Collected data >>
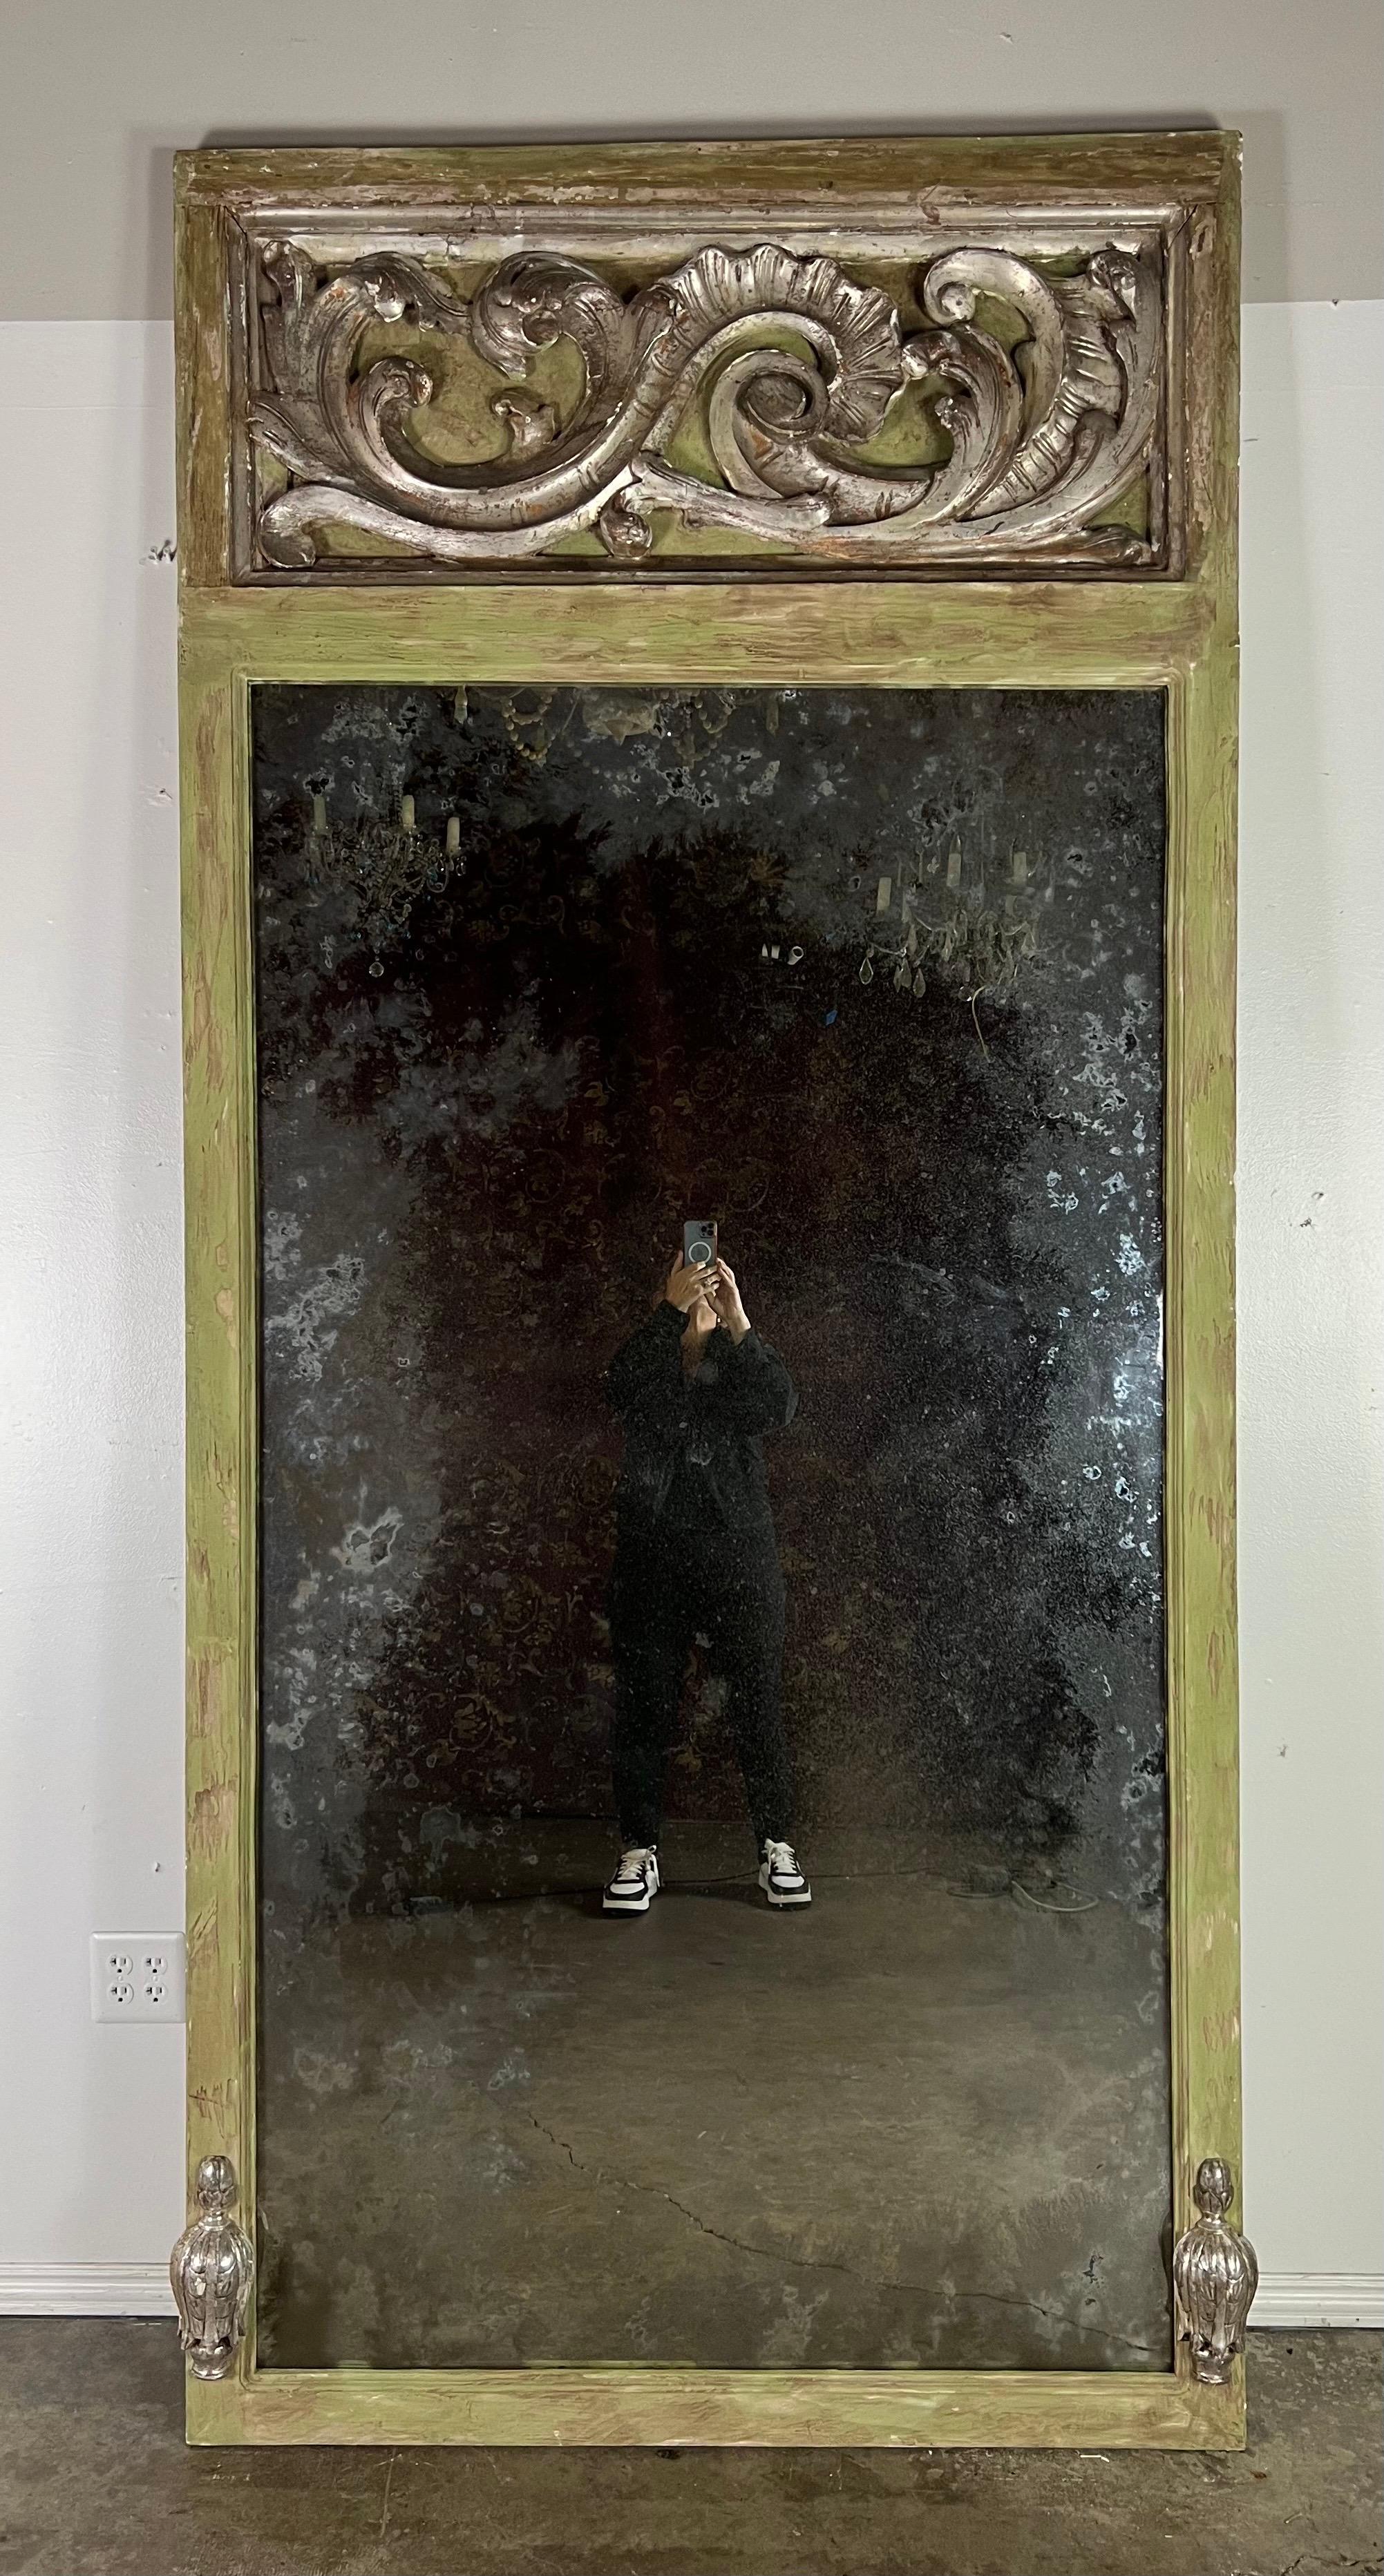 Grand miroir trumeau de style baroque italien avec un cadre peint dans une douce nuance de vert, suggérant un air de tranquillité et de raffinement qui complète magnifiquement le flair baroque de la pièce.

Un miroir trumeau comprend
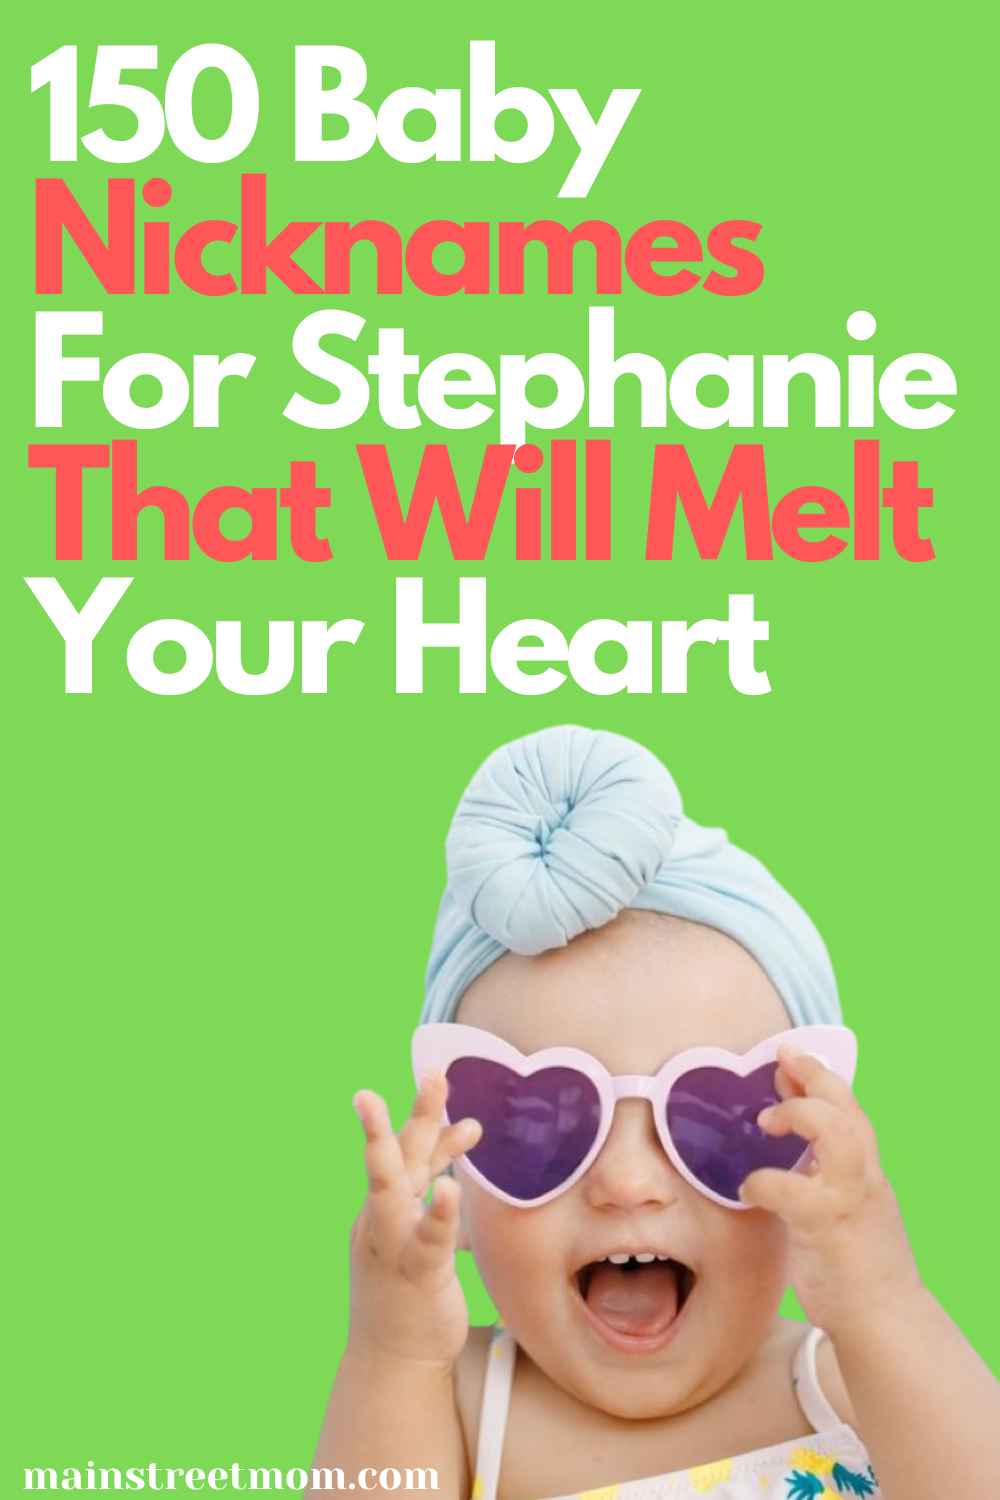 150 Baby-Spitznamen für Stephanie, die Ihr Herz zum Schmelzen bringen werden

Task statement >> Return the lines from the one that contains "Un miroir trumeau comprend" through the final line of the listing above, inclusive. Transcribe them exactly and drop the pictures.

Exercise response >>
Un miroir trumeau comprend
 150 Baby-Spitznamen für Stephanie, die Ihr Herz zum Schmelzen bringen werden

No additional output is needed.